What To Do When Two Employees Just Can’t Get Along

Written by on March 7, 2018

One of the hardest parts of team building is when you have two people that dislike each other so much it causes issues for the rest of the team. I’m not talking about the occasional bickering that goes on in every office. I’m talking about the two people that everyone holds their breath when those two are in the same room at the same time.

As a leader, you have to be careful. You don’t want to jump in too early and you don’t want to wait too long. Getting involved in every little skirmish will make people feel like you are micromanaging them (and you’re being nosy) but NOT doing anything might reflect that you don’t have the backbone to manage the atmosphere for the rest of the group.

So…what do you do? Simple.

Bring them to your office together. Explain that you understand sometimes people just can’t see the good in each other and you have been hoping they would work this out but it’s clear they can’t. Lay out the options.

Here is a sample Script….

I was hoping you two could work this out but it’s clear you are at a roadblock. I’m talking to you about it now because it’s causing an issue for the team. As I see it, we have a few options and I wanted your feedback. 

  1. You two work it out but that seems unlikely.
  2. I write you both up and put you on a performance review. Just so you know, I do not care one bit about who is right or wrong, the write up will be for causing issues for the team.
  3. This is where I wanted your feedback. I’m open to a 3rd option but I just can’t think of one, so I thought I would ask for your feedback.   

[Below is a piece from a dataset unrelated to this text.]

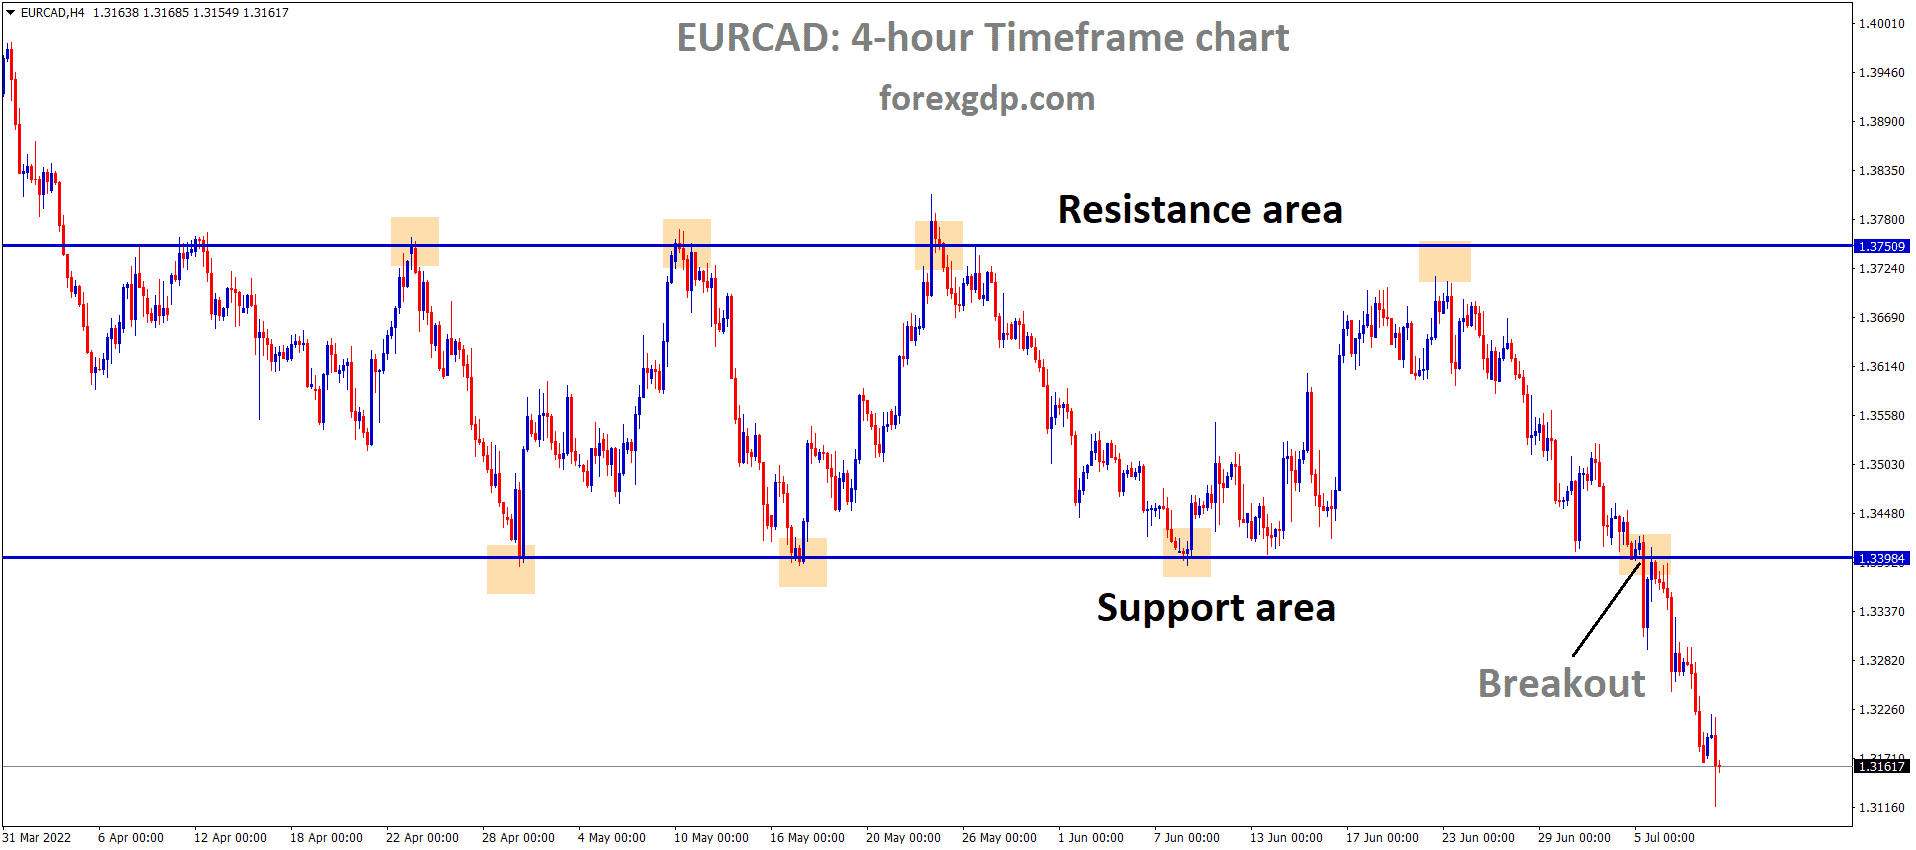 EURCAD has broken the horizontal Support area of the Box Pattern.

Now, just be quiet. Just let them talk it out. You are listening, making notes, and creating a safe space for them to work out their differences. If you hear anyone saying something subjective, call them on it. Steer them to use “I” statements and not “you” statements.

Exceptional leadership is getting people to think for themselves and to solve problems on their own. It’s also being mindful of the environment for the rest of the team that feels the tension in the room every time those two walk into a room. That kind of negative energy is palpable and destructive, and you must be mindful of it.  It reminds me of a comment, my former colleague, Rick Hust once said… “Your job as a leader is to turn on the electricity in the room, then turn on the lights.”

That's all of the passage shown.